> AVAILABLE DATA:

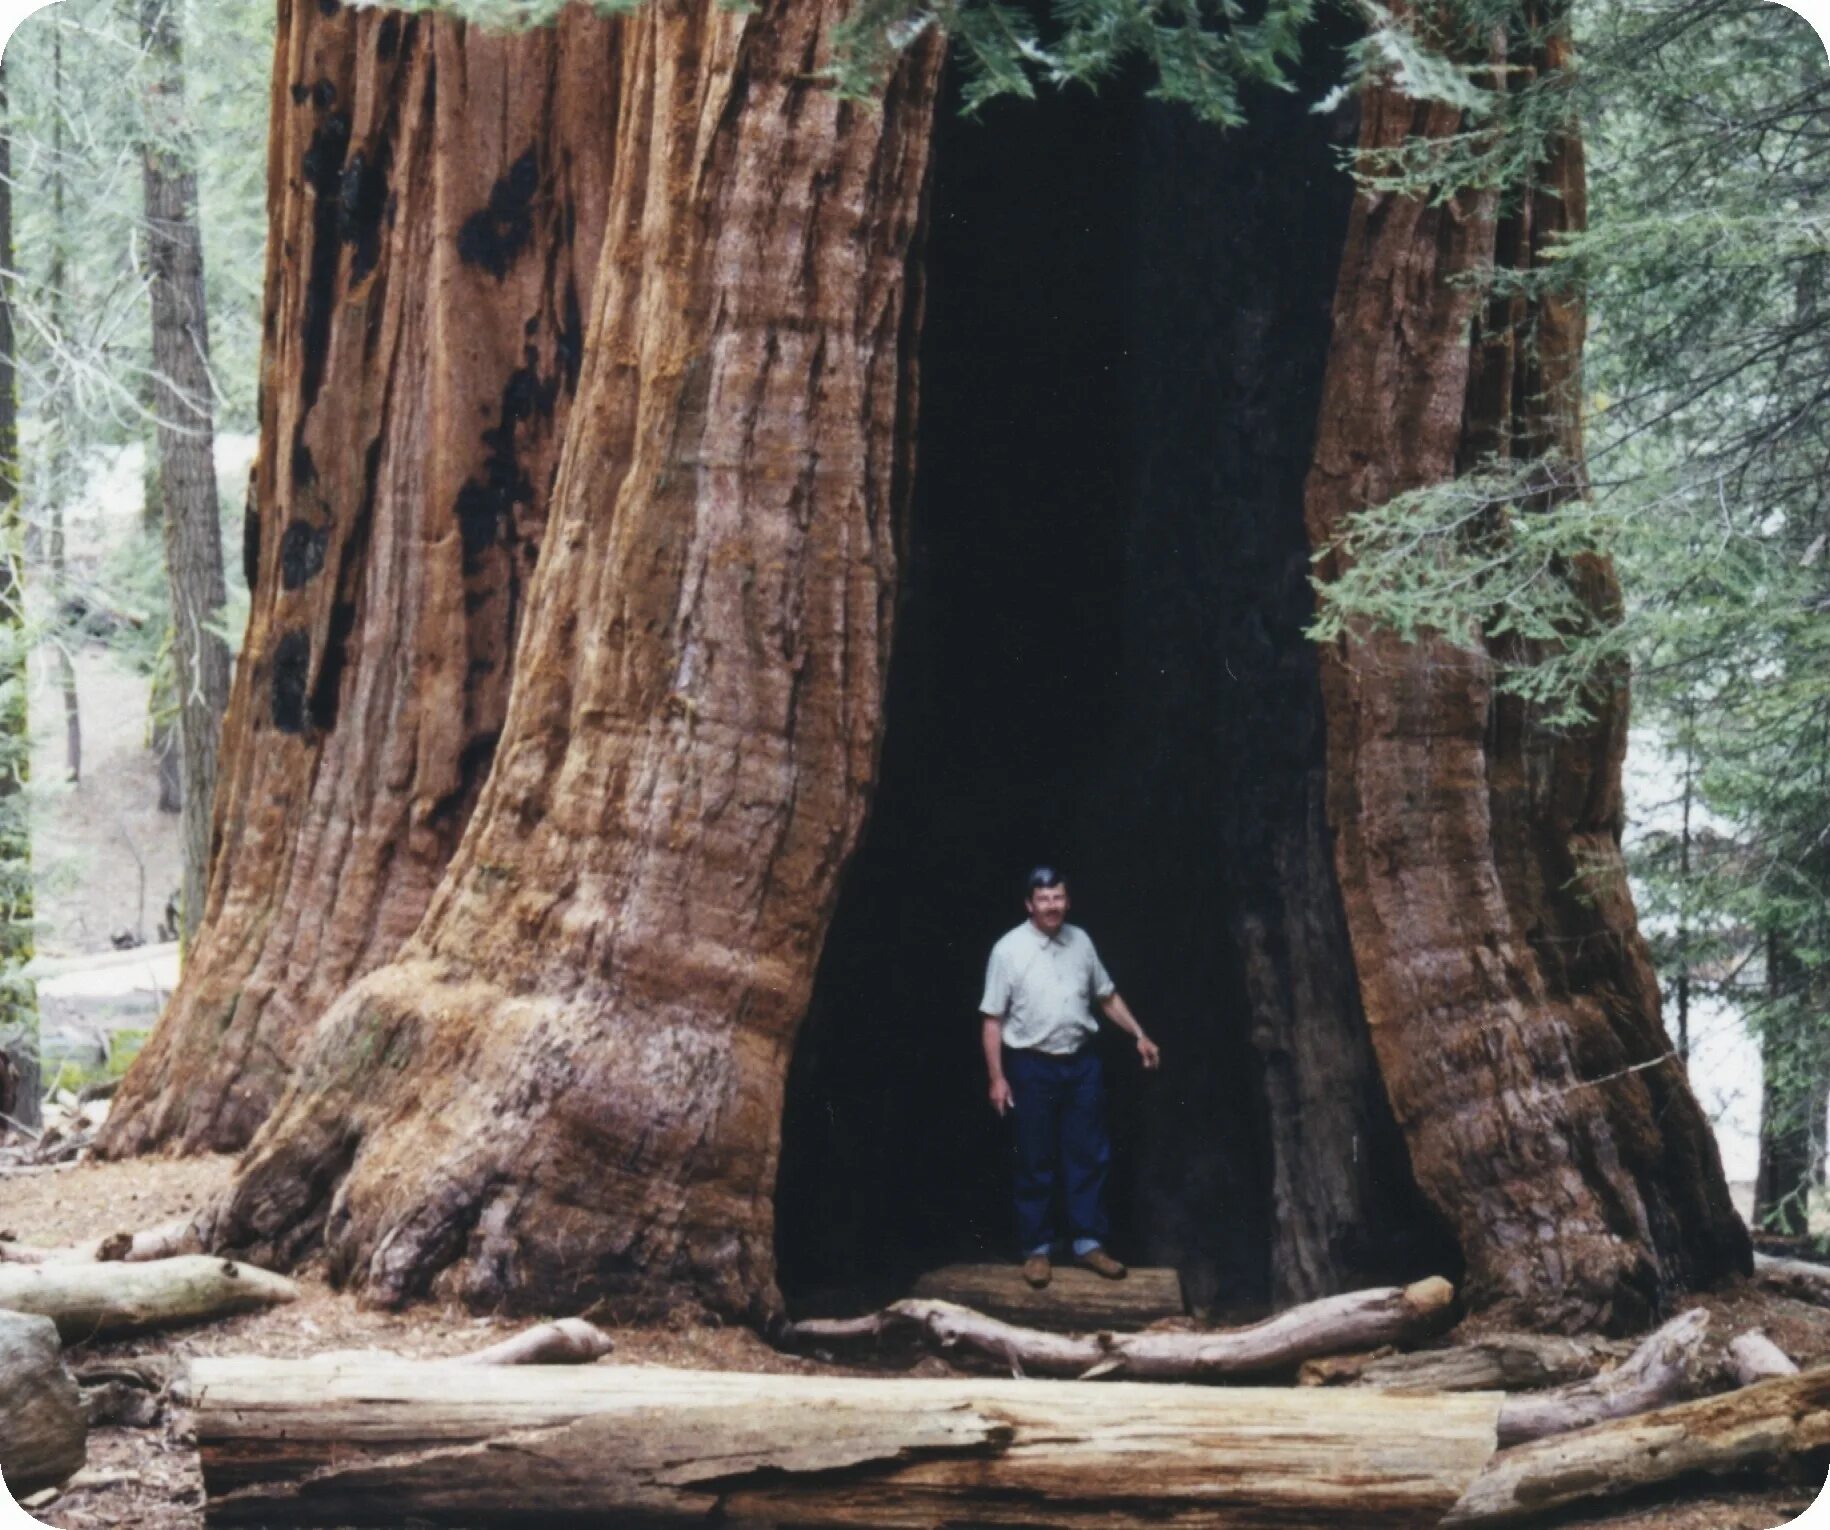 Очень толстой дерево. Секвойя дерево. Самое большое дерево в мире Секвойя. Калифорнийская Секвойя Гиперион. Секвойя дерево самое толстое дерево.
---
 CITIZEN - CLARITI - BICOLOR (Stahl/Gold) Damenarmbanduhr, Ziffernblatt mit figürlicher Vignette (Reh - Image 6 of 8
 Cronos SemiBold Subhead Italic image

> TASK TO COMPLETE: From the line holding "CITIZEN - CLARITI" to the line holding "Cronos SemiBold Subhead Italic image", inclusive, restate each line above exactly as written.

> FINISHED TASK:
 CITIZEN - CLARITI - BICOLOR (Stahl/Gold) Damenarmbanduhr, Ziffernblatt mit figürlicher Vignette (Reh - Image 6 of 8
 Cronos SemiBold Subhead Italic image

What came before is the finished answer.